## WHAT NEEDS TO BE DONE
Here is a listing, set out below; repeat its lines from the one with "1960s Pale Pink Lucite Beaded Necklace" to the last, both included, and leave out the pictures.

----- ENTRIES PROVIDED -----

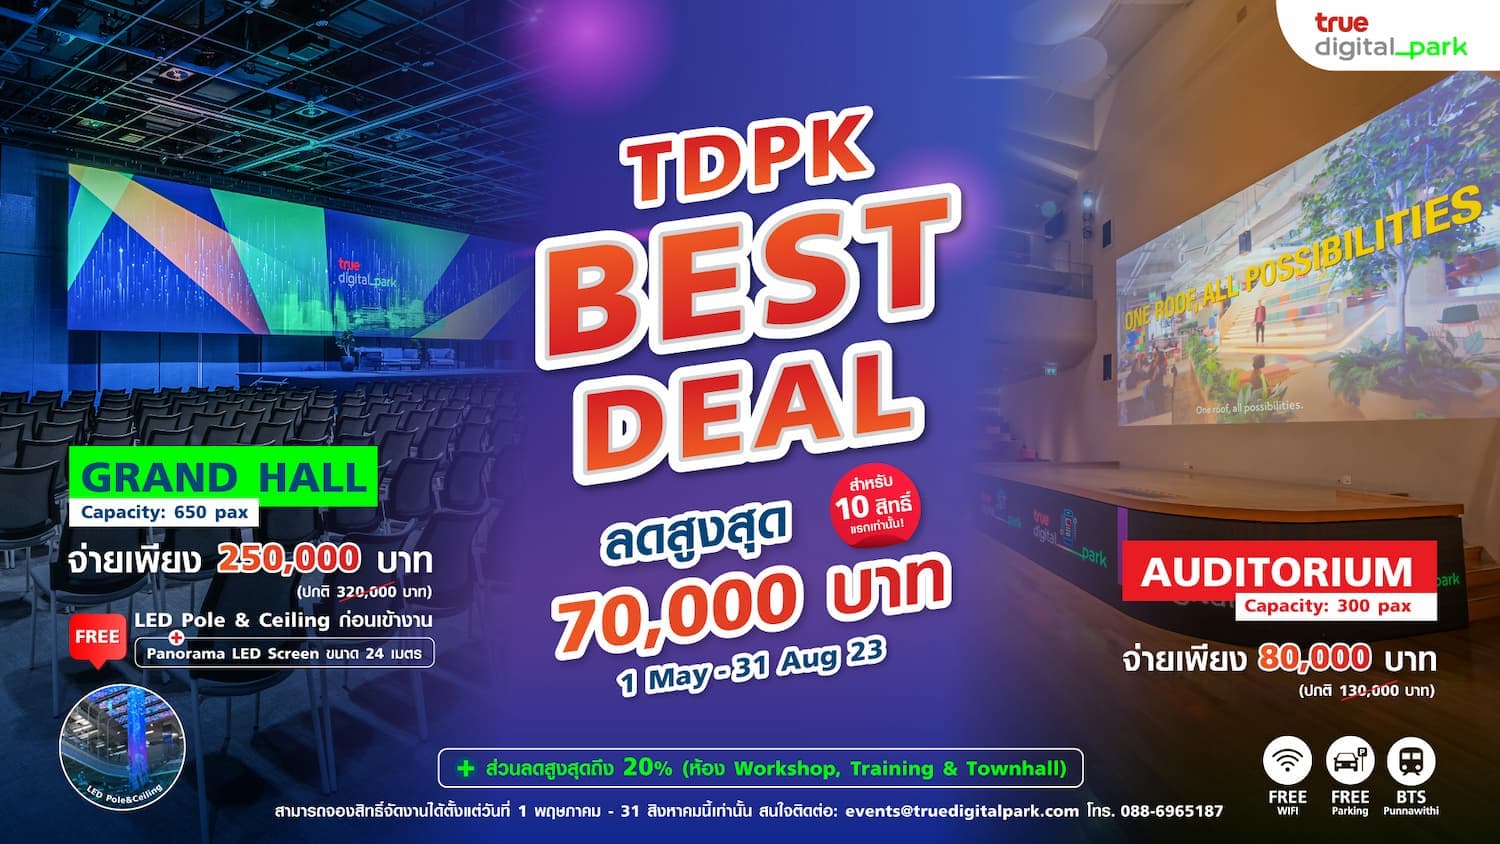 TDPK Best Deal: Get up to 70,000-baht discount on event space rental
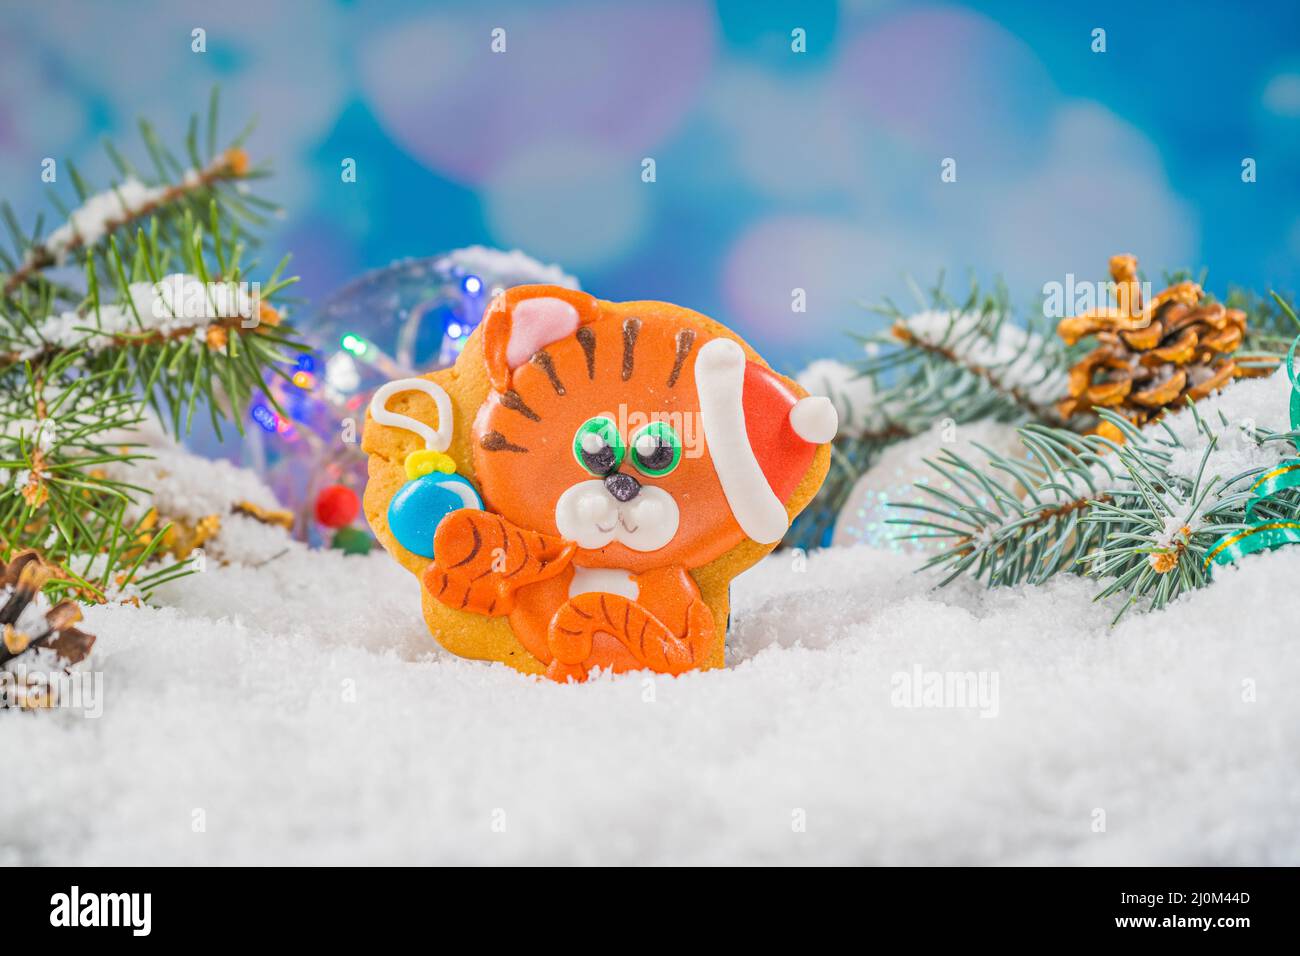 Christmas background with tiger gingerbread 2022. Holiday mood card. Family traditions, DIY, celebration concept. Festive backgr Stock Photo
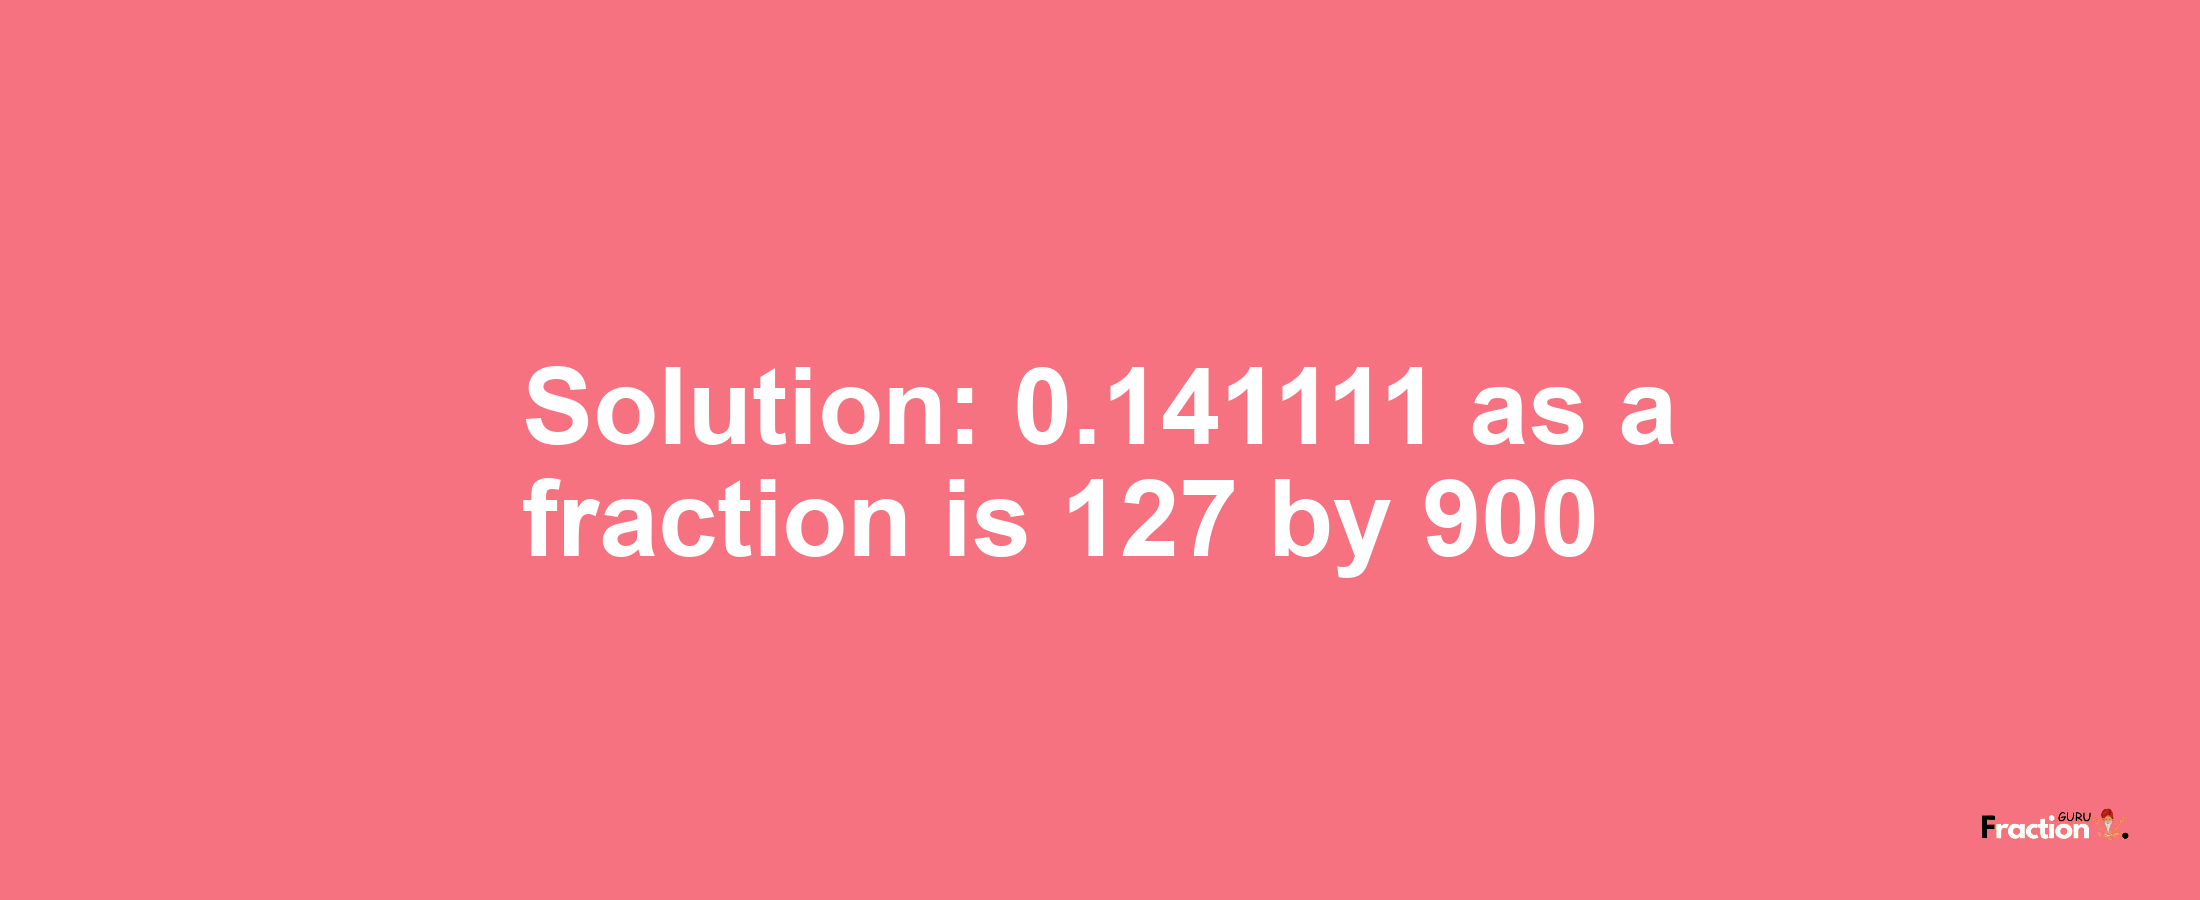 Solution:0.141111 as a fraction is 127/900
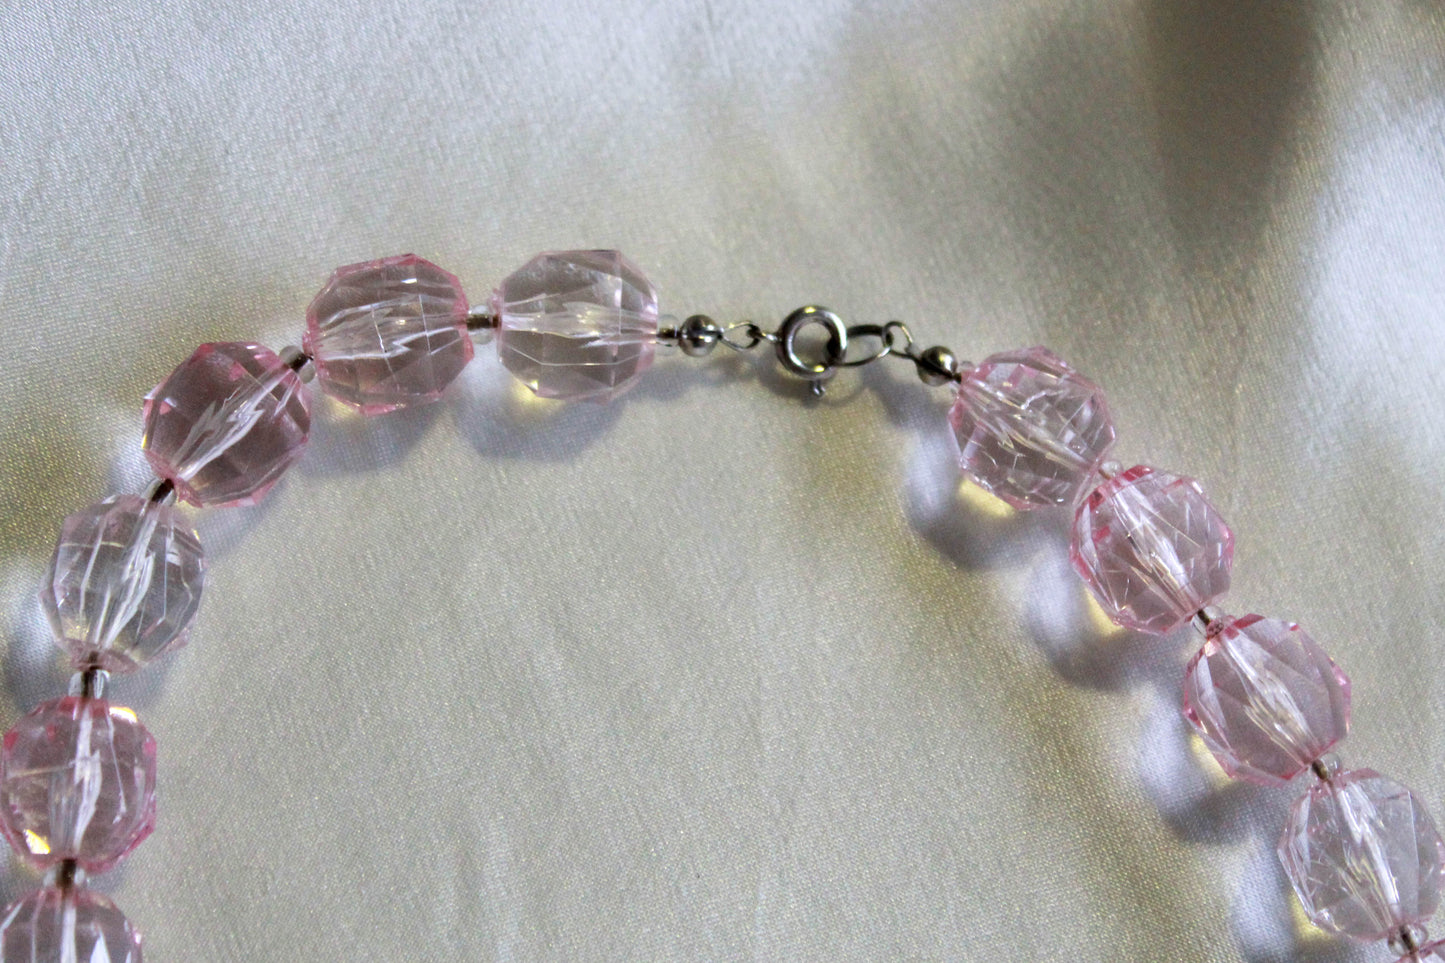 1960s Pale Pink Lucite Beaded Necklace
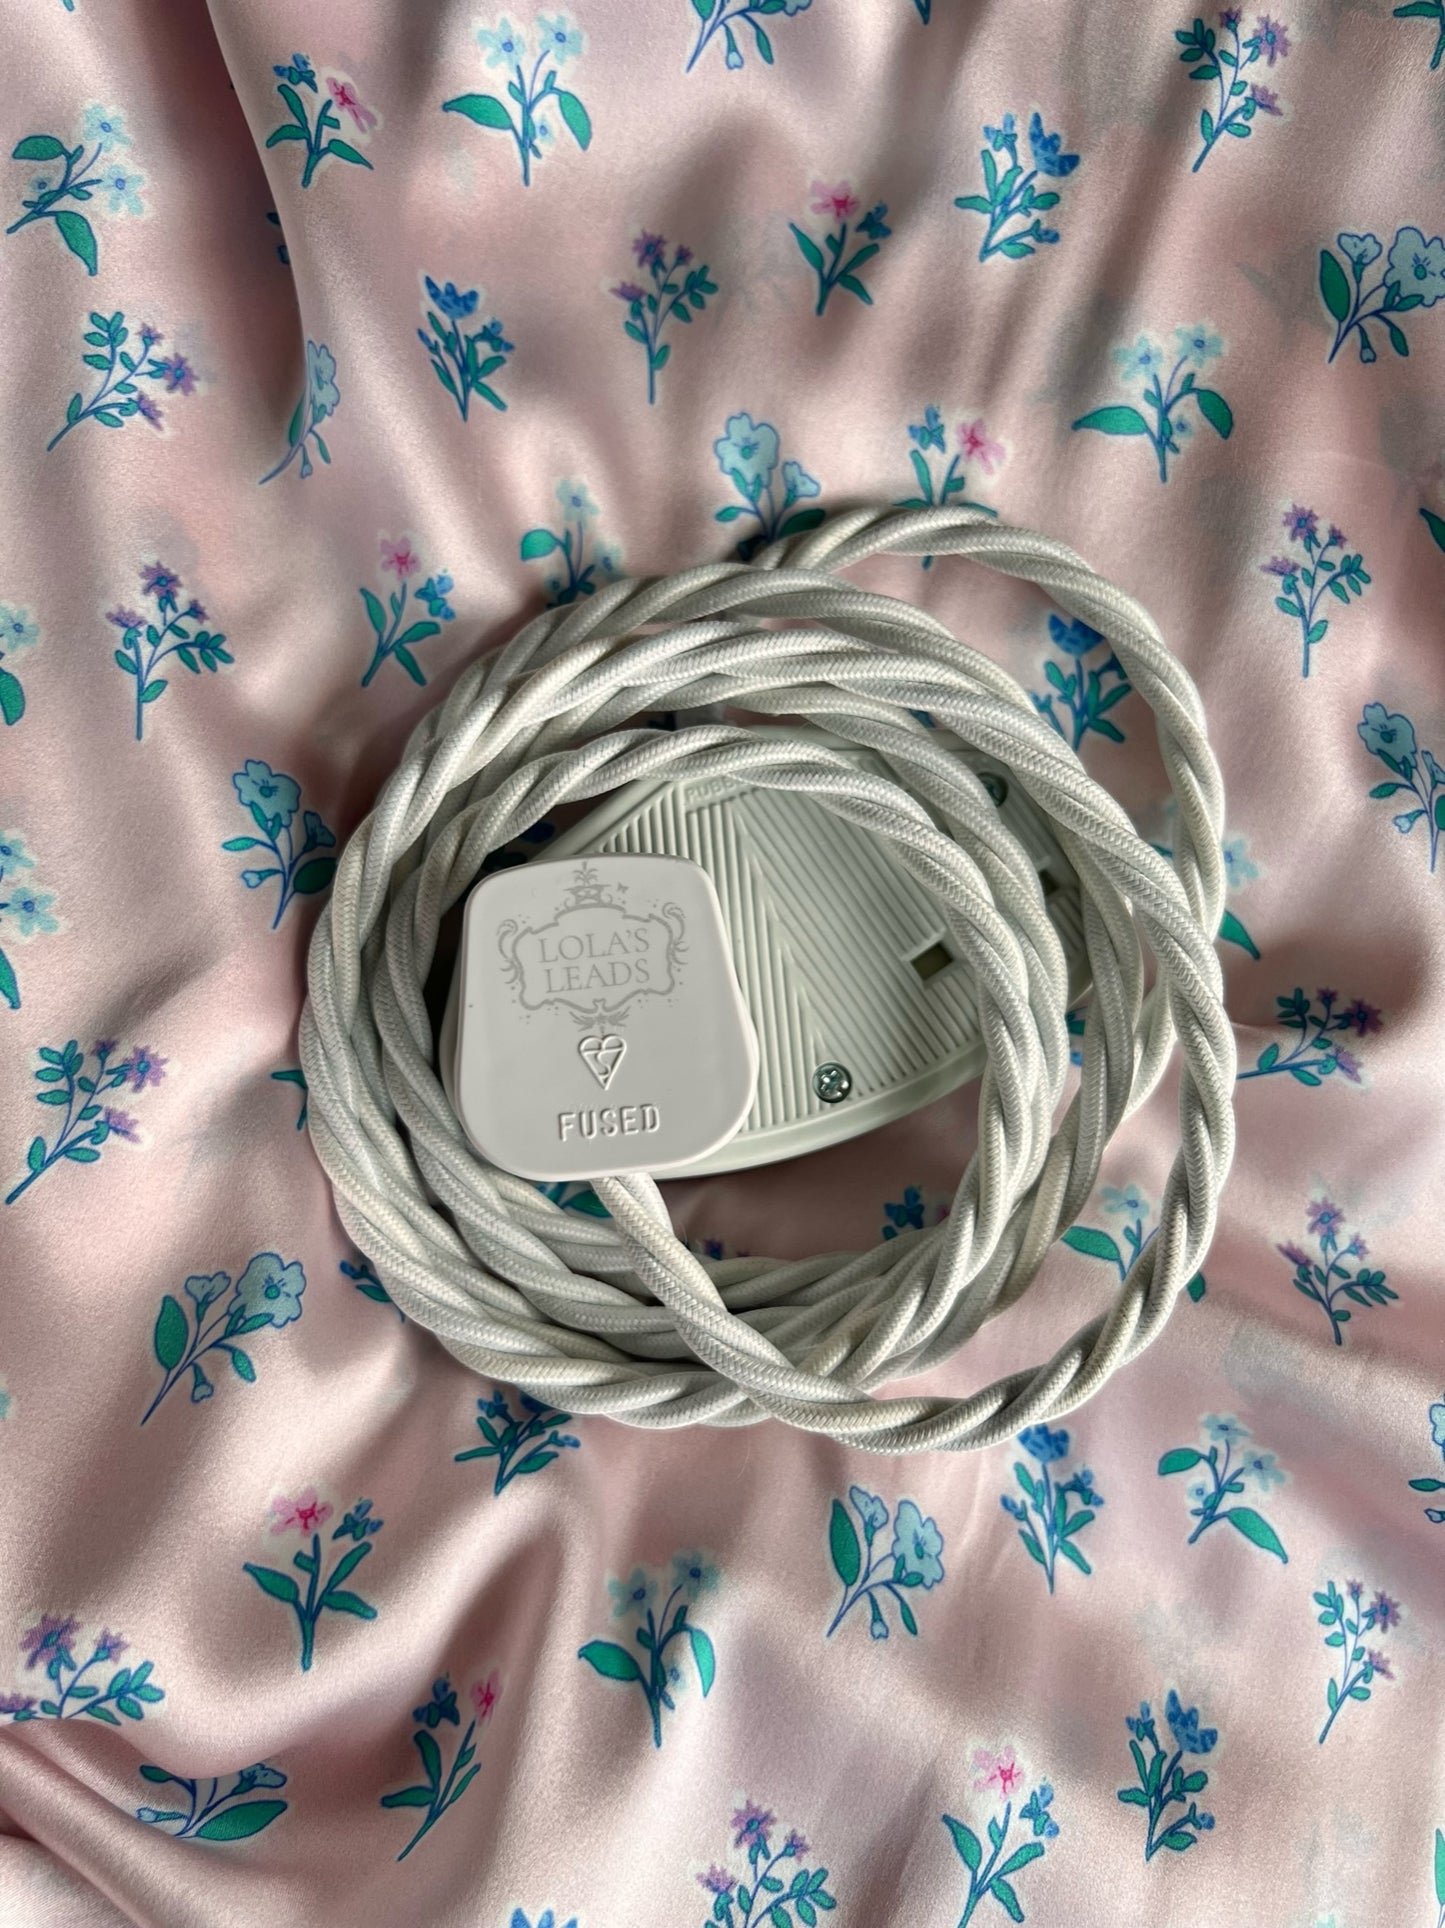 Milk - Lola's Leads Fabric Extension Cable

-----

## OUTPUT OF THE EXERCISE
 1960s Pale Pink Lucite Beaded Necklace
 Milk - Lola's Leads Fabric Extension Cable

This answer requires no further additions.